Phoenix, Arizona, fell to No. 3 in the rankings for the quarter after two-consecutive quarters of being the metro with the highest new inflow—the share of people looking to move in rather than leave—of Redfin users. Boston, Massachusetts, was the most sought-after metro and had 17.2% of searches from outside the market. New York, New York, was the No. 1 out-of-state originator for Boston.
“There is a sense here in New York that the sky has been falling for our housing market all year,” said Redfin New York market manager Nick Boniakowski. “People fleeing New York aren’t looking for a rural life, they are fleeing the high costs. Boston presents a slightly more accessible cost of living, while still providing urban quality of life that many desire today. Boston is appealing because it’s close and there are similar employment opportunities.”
Redfin said Boston taking the top spot is “unusual,” as Boston has a median-home price of $490,000.
“Six of the top-ten migration destinations have median prices below the national median, and only San Diego has a higher median price than Boston. That said, Boston is still relatively affordable, when compared to New York, the metro it is drawing the most people from,” Redfin states.
Boston’s 17.2% of homebuyer searches is a year-over-year increase from 12% and a jump from 14.1% in Q2 2019.
Of the top-10 markets for the highest net inflow of users, Tampa Bay, Florida, had the lowest average home price at $235,000. San Diego, California's, average home price of $577,000 was the highest.

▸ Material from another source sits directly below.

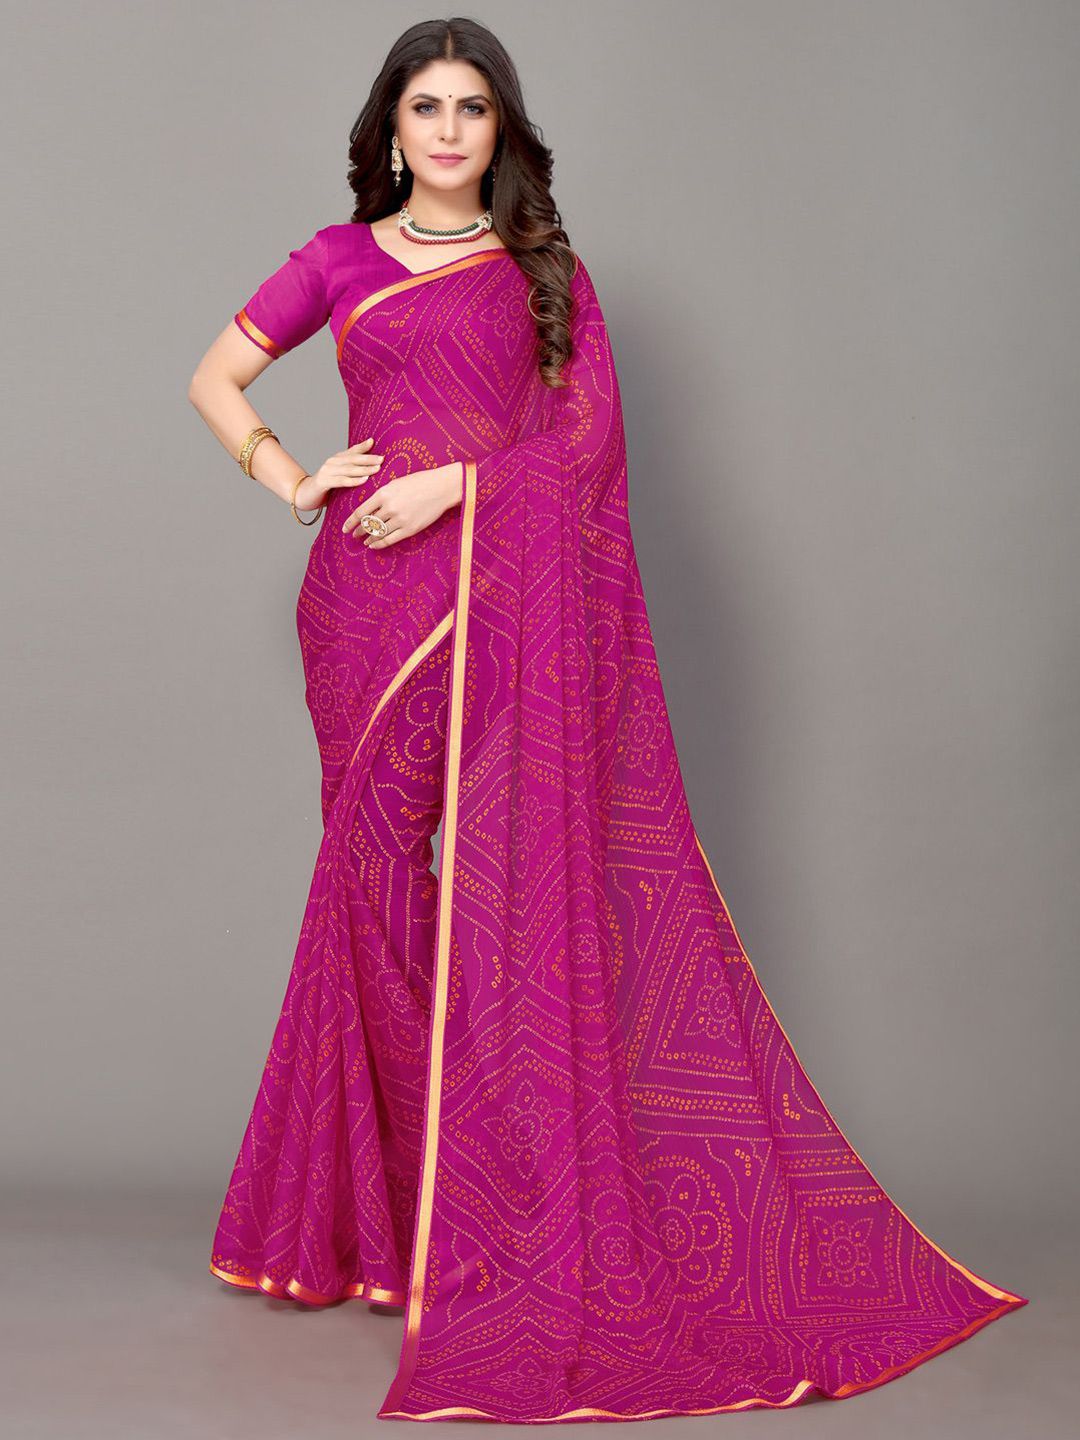 KALINI Pink & Gold-Toned Bandhani Zari Bandhani Saree Price in India

New York; Los Angeles, California; and San Francisco, California once again took home the top spots for highest net outflow—more searches outside of metro than within it.
“Homebuyers are leaving expensive metros for affordable metros and as a result there are fewer and fewer homes for sale in more affordable parts of the country,” said Redfin chief economist Daryl Fairweather. “In San Francisco, for example, inventory has been rising because there aren’t many San Franciscans who can afford the high prices. San Franciscans are moving to Sacramento where homes are much more affordable, and that, combined with a lack of new listings, has caused inventory to decline in Sacramento.”
Hartford, Connecticut, had the highest percentage of users searching outside the metro at 70.8%.